If this problem has only just started occurring, I suggest you run System Restore and restore to a point before this problem occurred.


----------



## ng2dude (Oct 29, 2011)

*Re: Device Display Object Function Discovery Provider*

Thank you. I just tried a system restore to the earliest point available, but the condition still exists. Please let me know if you have any other ideas.


----------



## Stephen Bowles (Jan 28, 2011)

*Re: Device Display Object Function Discovery Provider*

A few things to try:
> - Update all of your drivers (graphics card, audio, printer, everything).

> - Run System File Checker:
- Click on the Start button/globe.
- Type cmd.exe and run as administrator
- Then enter sfc /scannnow

After restarting your system, check to see if the error still occurs.

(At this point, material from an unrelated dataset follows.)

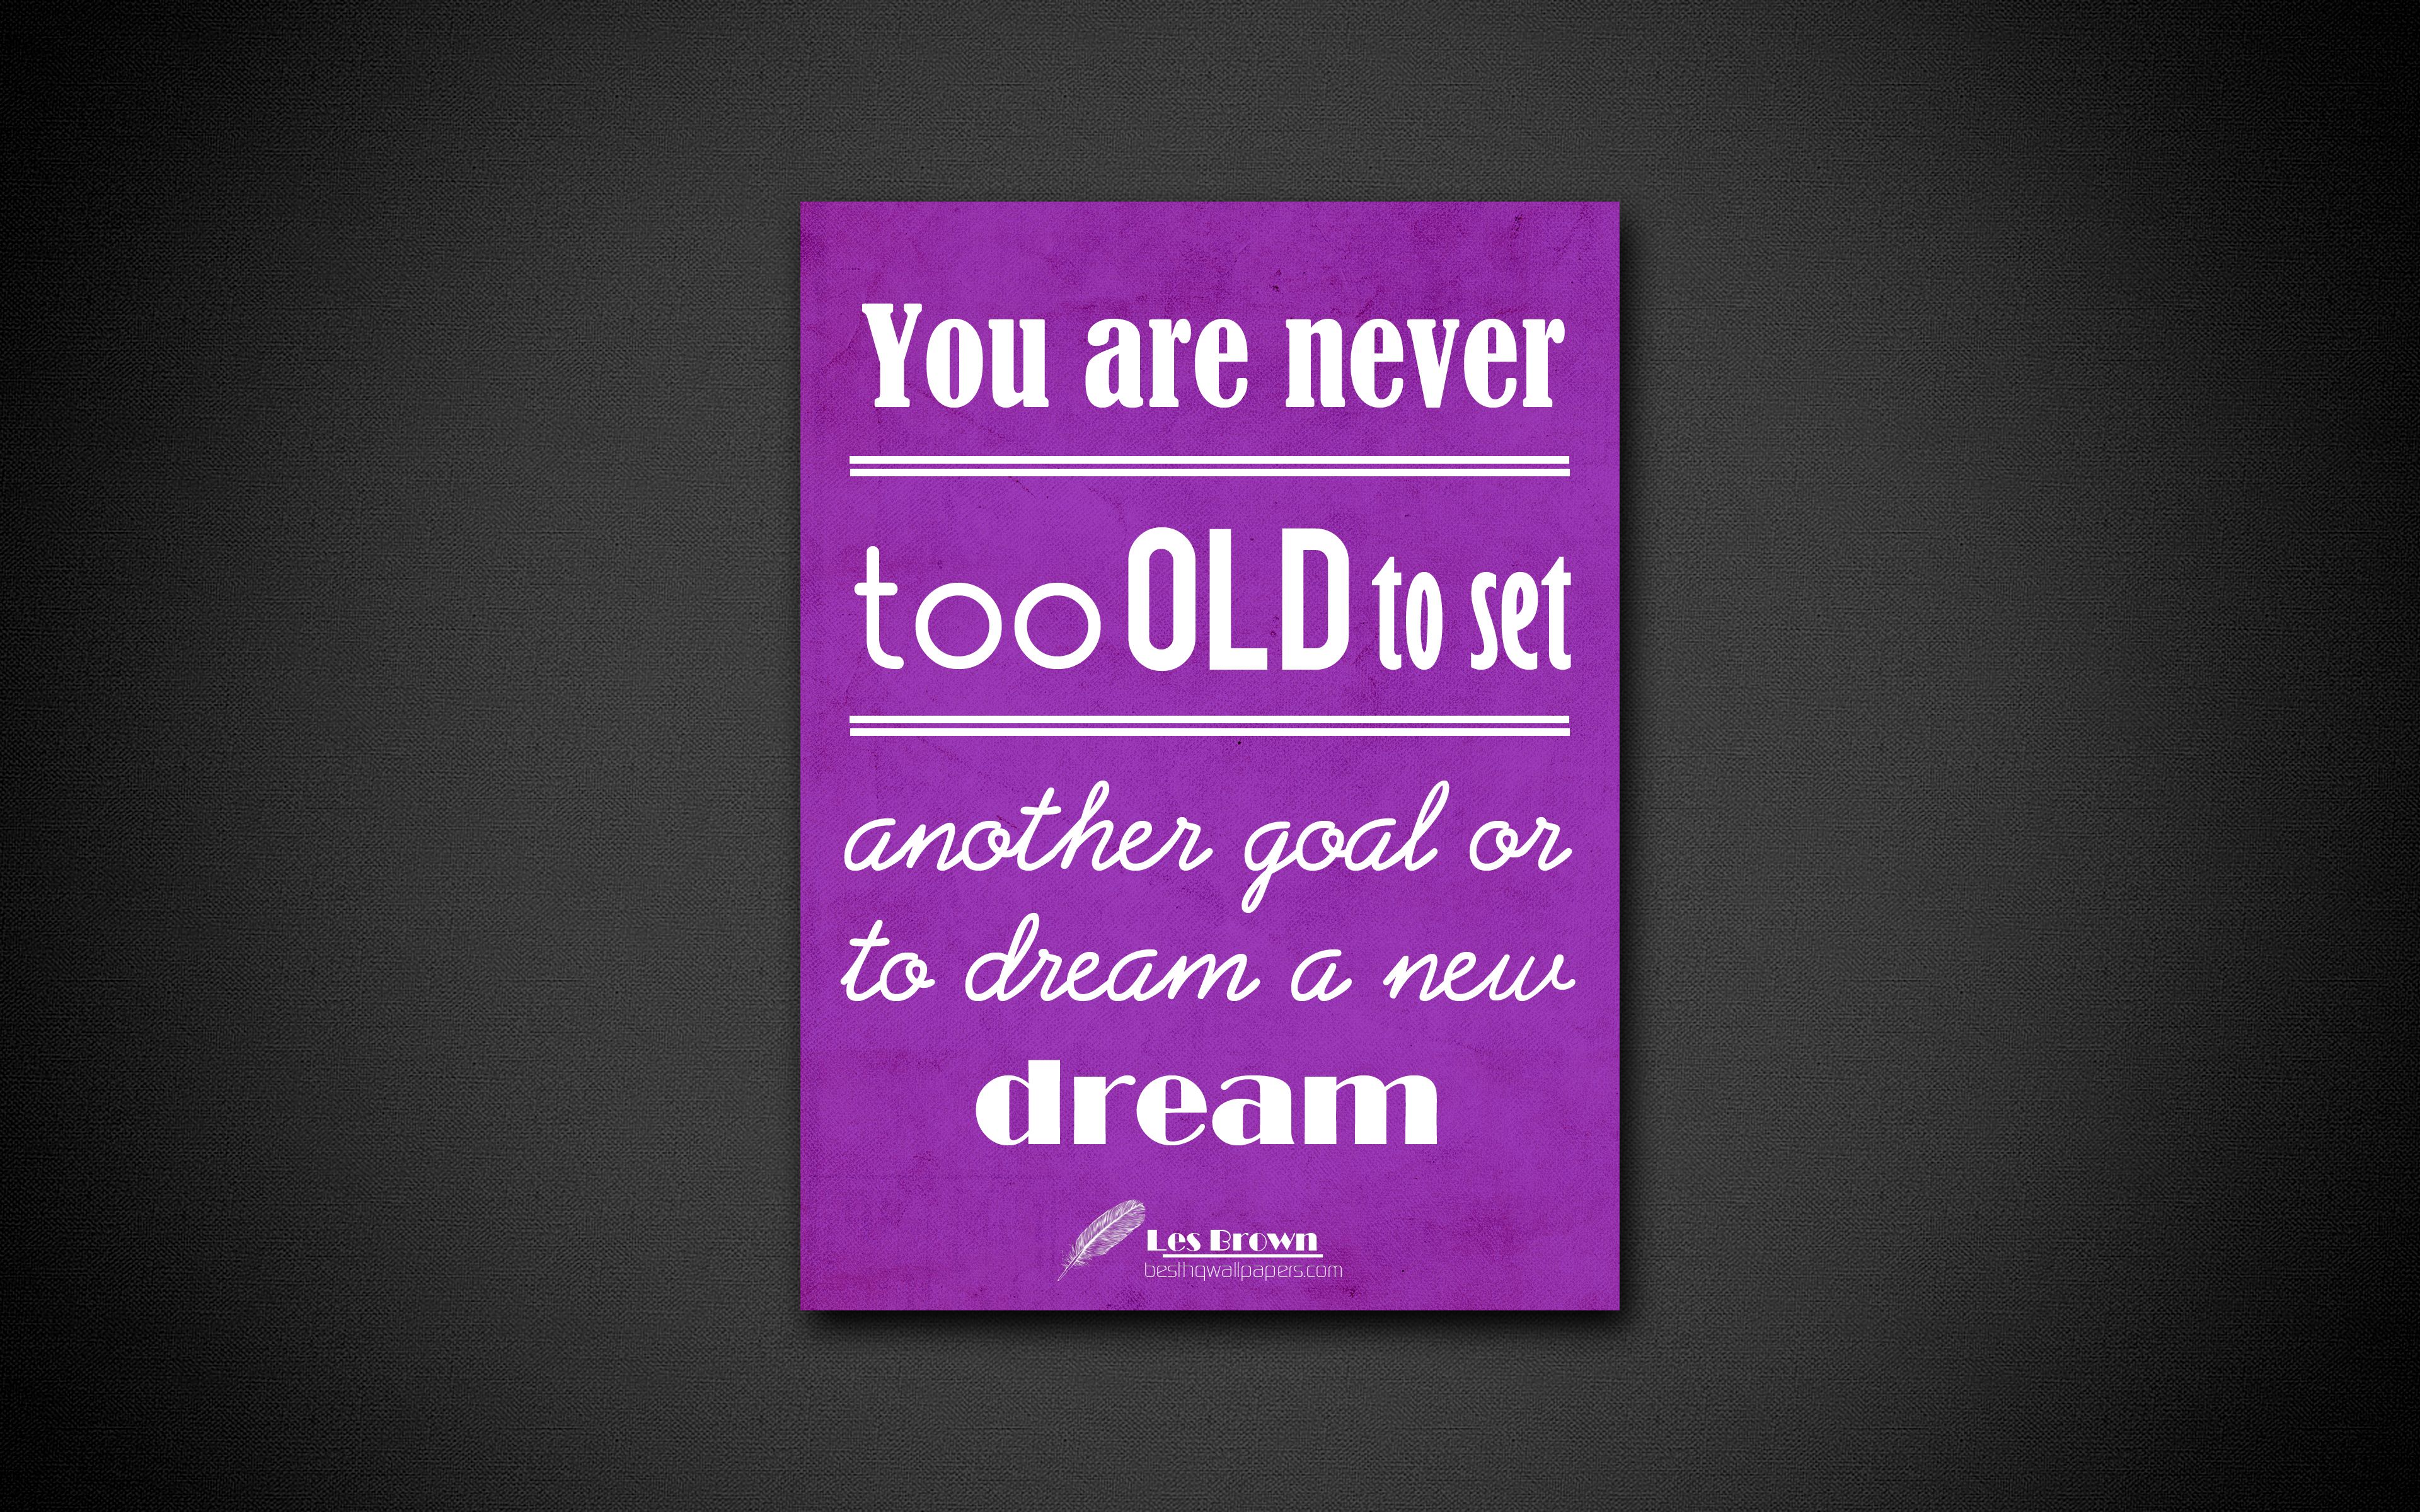 It is never too. You are never too old to Set another goal or to Dream a New Dream 2k aва. Are never to old to. Business quotes. Never too gone tomorrow.

If it does, I suggest you restart your system into Safe Mode, then see if it occurs.


----------



## ng2dude (Oct 29, 2011)

*Re: Device Display Object Function Discovery Provider*

Thank You. The issue is fixed. I am just not sure what step fixed it between the driver updates or running the System File Checker. Thanks for the suggestion.


----------



## Stephen Bowles (Jan 28, 2011)

*Re: Device Display Object Function Discovery Provider*

I am very glad that your problem is solved!

Please could you set the forum as solved using the thread tools at the top of the page.

Thank you.


----------



## mstrbill (Oct 10, 2012)

*Re: Device Display Object Function Discovery Provider*

This problem only occurs with a specific user, when I logon I don't have the problem.


----------